> Problem statement
When you reach the line containing "10839 скачать обои" in the entries below, start writing out each line exactly, and stop after the line containing "シャーデー SADE /".

> Records for this task
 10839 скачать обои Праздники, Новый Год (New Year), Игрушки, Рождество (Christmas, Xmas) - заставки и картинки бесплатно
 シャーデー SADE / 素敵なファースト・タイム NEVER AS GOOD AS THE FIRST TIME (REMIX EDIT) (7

---

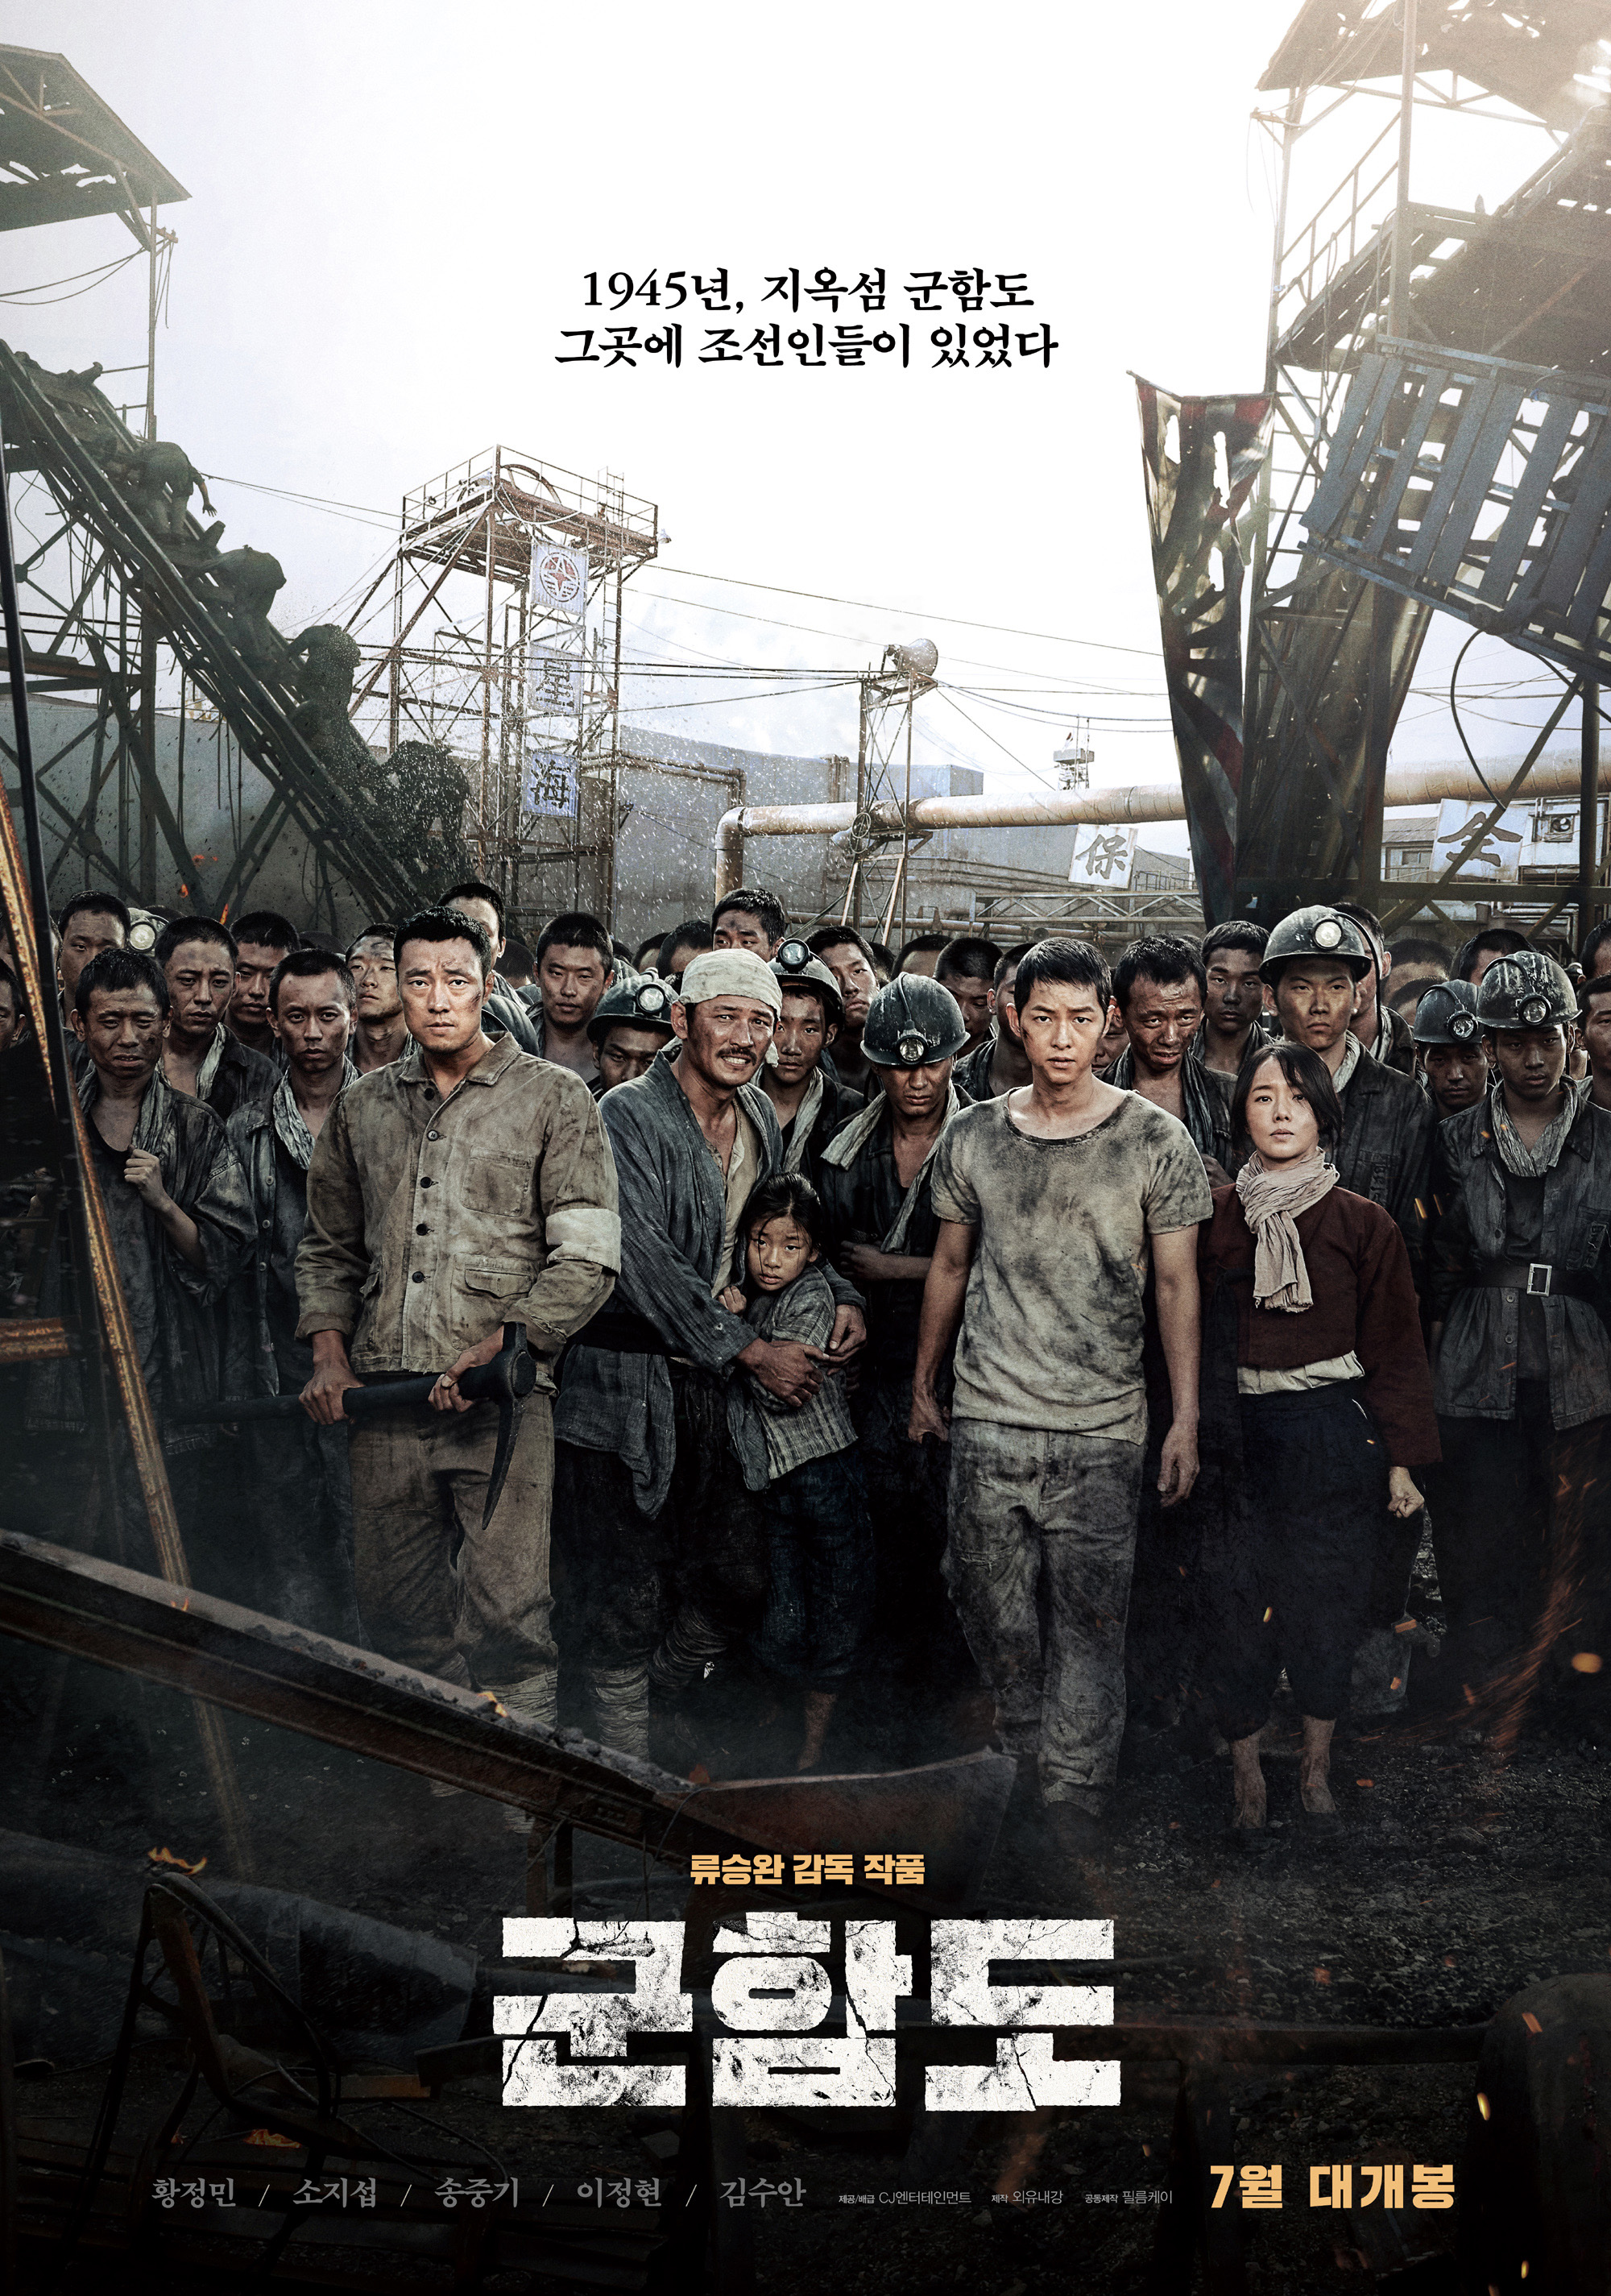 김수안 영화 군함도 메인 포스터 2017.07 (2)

> Your solution
 10839 скачать обои Праздники, Новый Год (New Year), Игрушки, Рождество (Christmas, Xmas) - заставки и картинки бесплатно
 シャーデー SADE / 素敵なファースト・タイム NEVER AS GOOD AS THE FIRST TIME (REMIX EDIT) (7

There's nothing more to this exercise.